Comparative transcriptomics and metabolomics provide insight into degeneration-related physiological mechanisms of Morchella importuna after long-term preservation

Ying Chen  1 Xuelian Cao  1 Liyuan Xie  1 Jie Tang  1 Lixu Liu  1 Di Wang  1 Xiang Wu  1 Tianhai Liu  1 Yang Yu  1 Yong Wang  1 Francis Martin  2   3 Weihong Peng  1 Hao Tan  1   2
Affiliations
Comparative Study

Comparative transcriptomics and metabolomics provide insight into degeneration-related physiological mechanisms of Morchella importuna after long-term preservation

Ying Chen et al. Microb Biotechnol. 2025 Jan.

Abstract

Ascomycetes fungi are often prone to degeneration. Agricultural production of the prized ascomycete mushroom Morchella importuna (black morel) typically suffers from reduced yield and malformed ascocarps owing to culture degeneration. This study compared M. importuna cultures subjected to five different long-term preservation treatments, using transcriptomics and metabolomics. Avoiding repeated subculturing in combination with nutrient-limited conditions was found to be the most beneficial method for maintaining the fruiting capability of morels. The expression of the gene sets involved in cysteine and methionine metabolism and nucleocytoplasmic transport was upregulated under nutrient-limited and nutrient-rich conditions, respectively. This increased expression was accompanied by differential accumulation of metabolites involved in nucleobase metabolism. Repeated subculturing triggered dissimilar changes in the functional modules under nutrient-rich and nutrient-limited conditions. A diverse set of cellular biochemical processes related to carbon metabolism were altered by repeated subculturing under nutrient-rich conditions, whereas glycerophospholipid and purine metabolism were key functions affected by repeated subculturing under nutrient-limited conditions.
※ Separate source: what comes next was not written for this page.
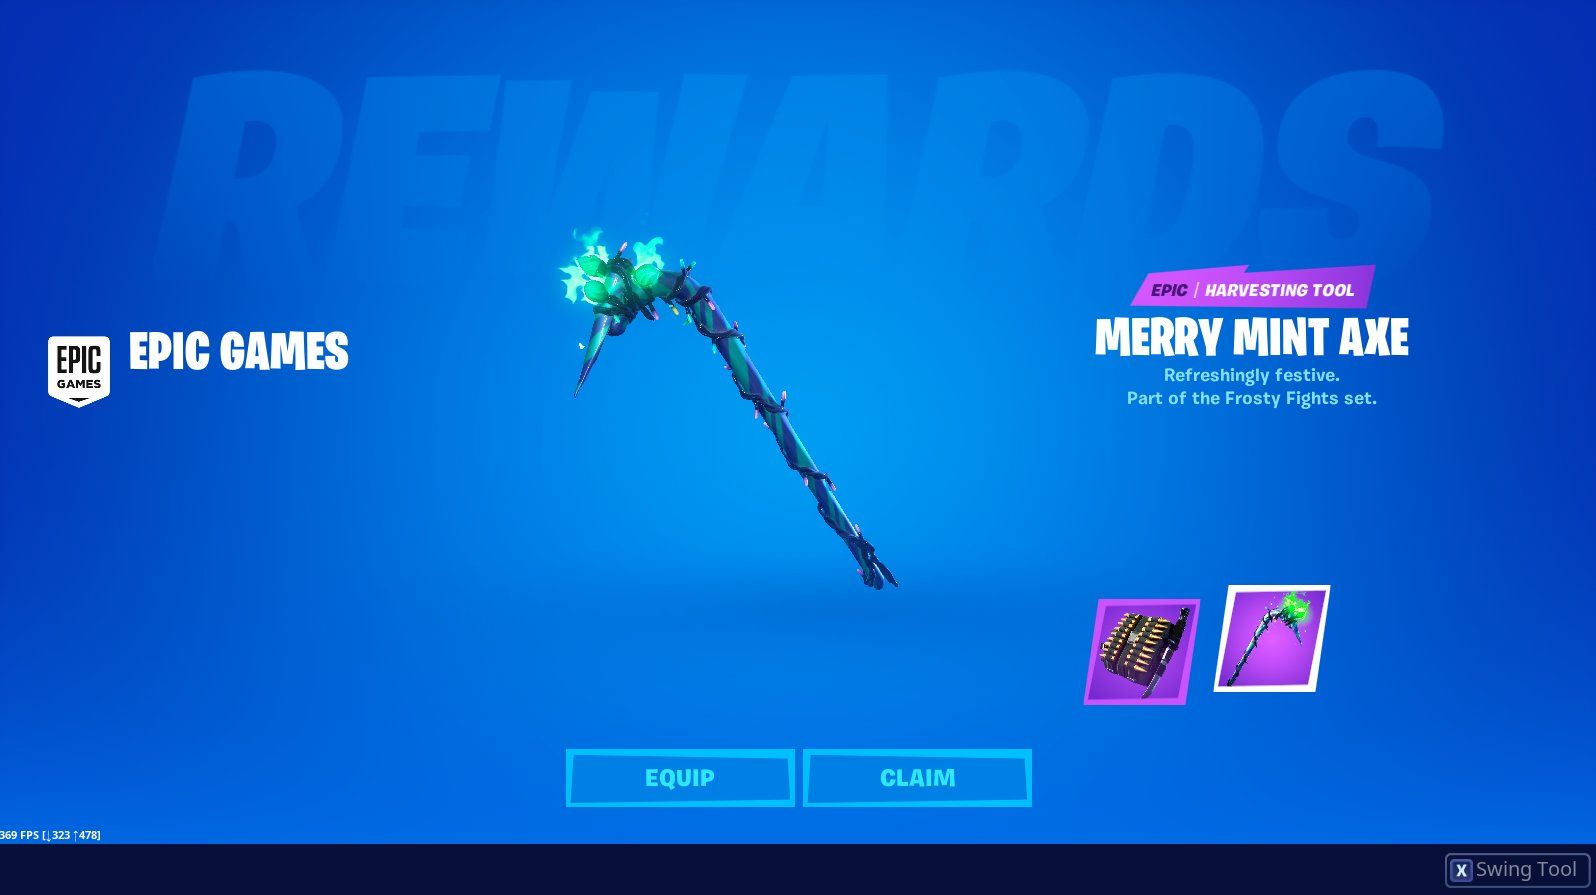 Free Fortnite Merry Mint Axe Pickaxe being granted Heres how to get your code The Merry Mint Ax. Free gift card generator, Gift card generator, Funny text memes

Altogether, metabolic alterations related to sulfur-containing amino-acid biosynthesis, DNA repair, and cellular structural maintenance contributed to improved preservation outcomes in terms of morel fruiting capability. Our findings contribute to a more detailed understanding of the molecular mechanisms related to subculturing and fruiting of ascomycete macrofungi after long-term preservation.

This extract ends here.